XVIII

A BOTANOPHILIST'S JOURNAL

He was the attorney of the indigenous plants, and owned to a preference of the weeds to the imported plants, as of the Indian to the civilized man.—Emerson.

I have referred several times to Henry Thoreau, of Concord, in whose Journal a great deal is said about wildflowers; and as the volumes are not easily accessible to English readers it may be worth while to select therefrom a few of the more interesting passages. In all that he wrote on the subject Thoreau appears less as the botanist than the flower-lover; indeed, he expressly observes that he himself comes under the head of the "Botanophilists," as Linnæus termed them; viz. those who record various facts about flowers, but not from a strictly scientific standpoint. "I never studied botany," he said, "and do not to-day, systematically; the most natural system is so artificial. I wanted to know my neighbours, if possible; to get a little nearer to them." So great was his zest in cultivating this floral acquaintance that, as he tells us, he often visited a plant four or five miles from Concord half a dozen times within a fortnight, in order to note its time of flowering.

Books he found, in general, unsatisfactory. "I asked a learned and accurate naturalist," he says, "who is at the same time the courteous guardian of a public library, to direct me to those works which contained the more particular popular account, or biography, of particular flowers—for I had trusted that each flower had had many lovers and faithful describers in past times—but he informed me that I had read all; that no one was acquainted with them, they were only catalogued like his books." It was the human aspect of the flower that Thoreau craved; and he was therefore disappointed when he saw "pages about some fair flower's qualities as food or medicine, but perhaps not a sentence about its significance to the eye; as if the cowslip were better for 'greens' than for yellows." Thus he complained that botanies are "the prose of flowers," instead of what they ought to be, the poetry. He made an exception, however, in favour of old Gerarde's Herball.

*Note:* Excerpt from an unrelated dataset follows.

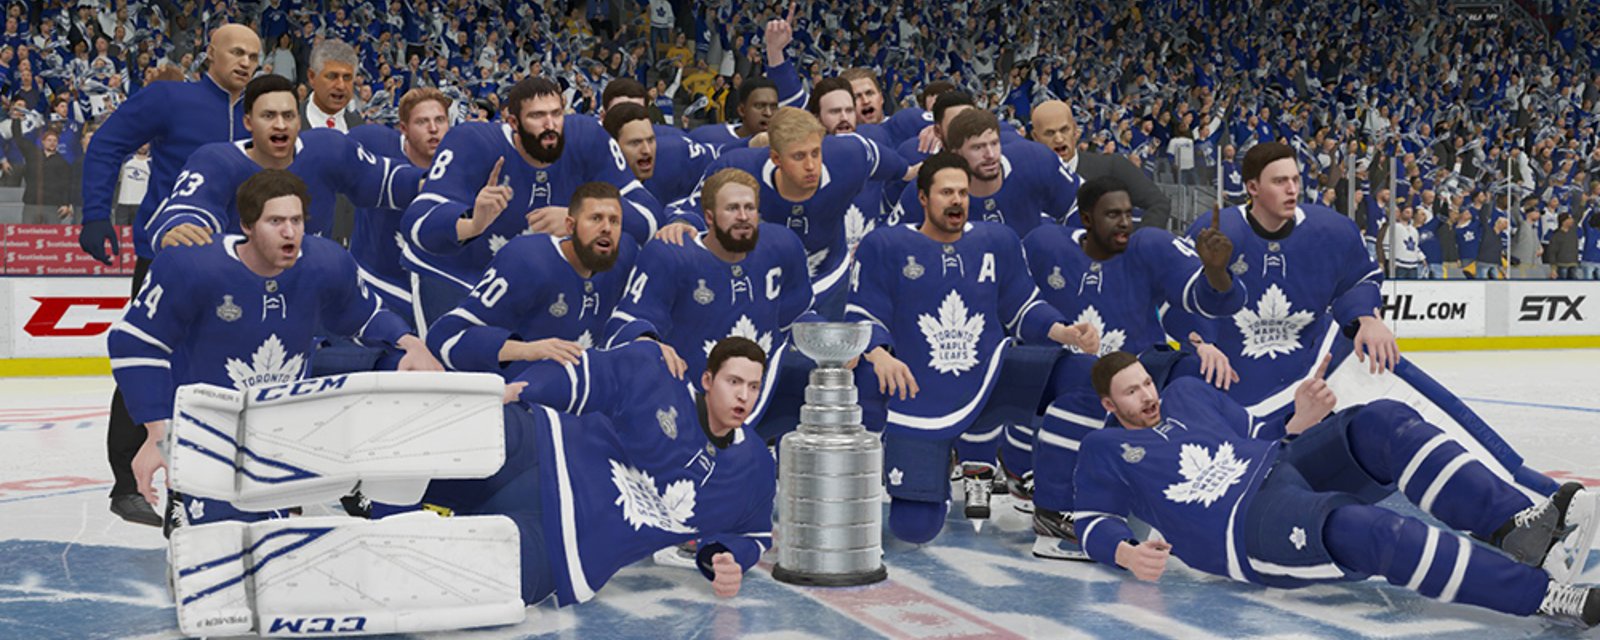 Oddsmakers reveal likelihood of Toronto Maple Leafs lifting the Stanley Cup 
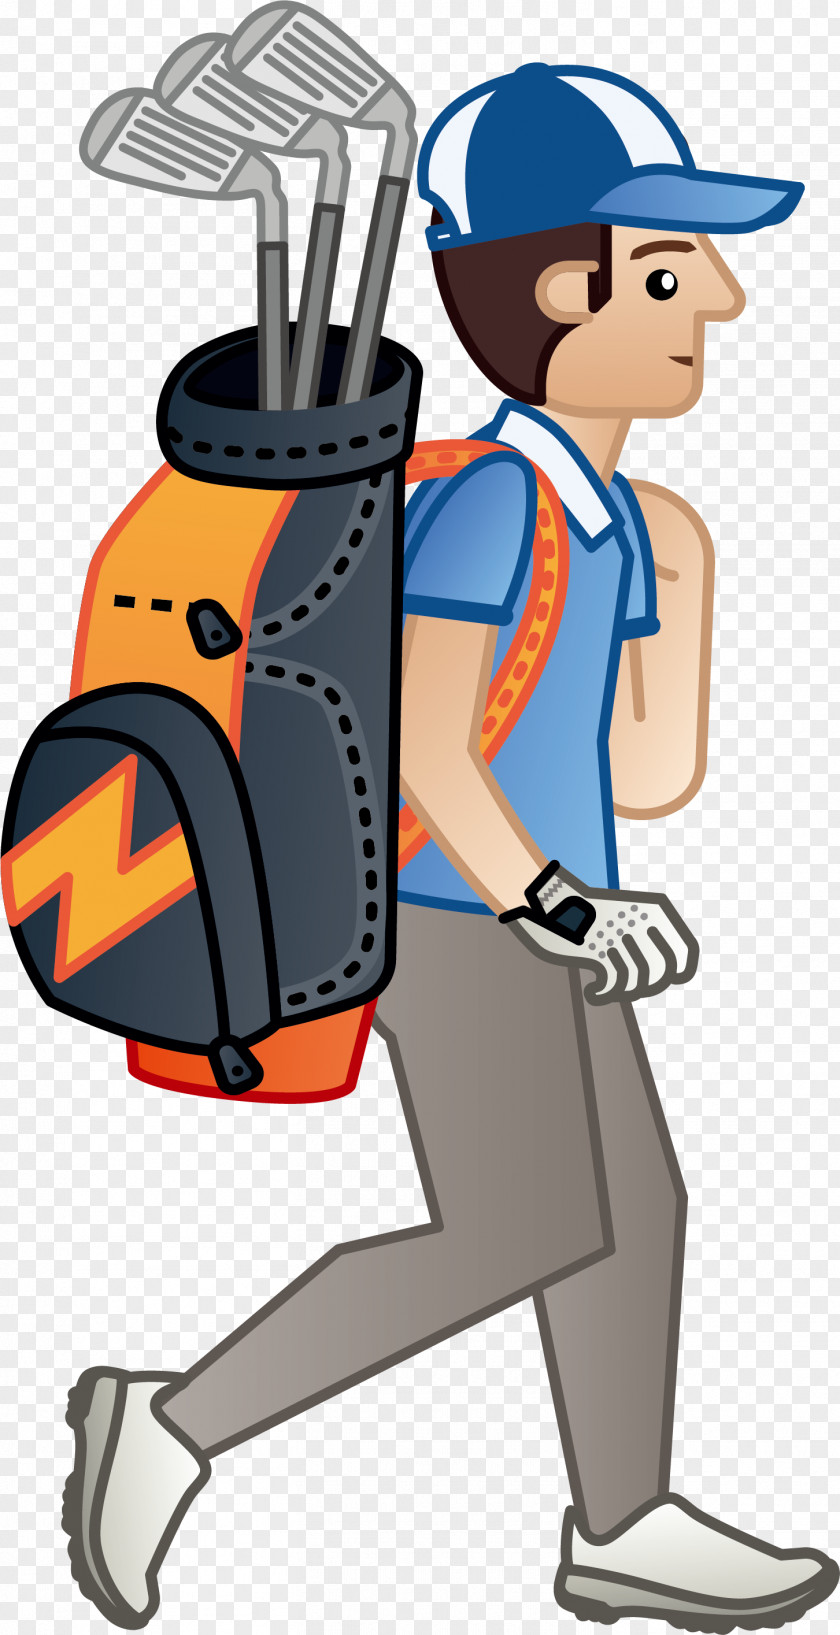 Someone Who Plays Golf Golfer Clip Art PNG

His admirable though quaint descriptions are, to my mind, greatly superior to the modern more scientific ones. He describes not according to rule, but to his natural delight in the plants. He brings them vividly before you, as one who has seen and delighted in them. It is almost as good as to see the plants themselves. His leaves are leaves; his flowers, flowers; his fruit, fruit. They are green, and coloured, and fragrant. It is a man's knowledge added to a child's delight. . . . How much better to describe your object in fresh English words rather than in these conventional Latinisms!"

Linnæus, too, "the man of flowers," as he calls him, is praised by Thoreau. "If you would read books on botany, go to the fathers of the science. Read Linnæus at once, and come down from him as far as you please. I lost much time in reading the florists. It is remarkable how little the mass of those interested in botany are acquainted with Linnæus."

Thoreau's manner of botanizing was, like most of his habits, somewhat singular. His vasculum was his straw-hat. "I never used any other," he writes, "and when some whom I visited were evidently surprised at its dilapidated look, as I deposited it on their front entry-table, I assured them it was not so much my hat as my botany-box." With this vasculum he professed himself more than content.

I am inclined to think that my hat, whose lining is gathered in midway so as to make a shelf, is about as good a botany-box as I could have; and there is something in the darkness and the vapours that arise from the head—at least, if you take a bath—which preserves flowers through a long walk. Flowers will frequently come fresh out of this botany-box at the end of the day, though they have had no sprinkling.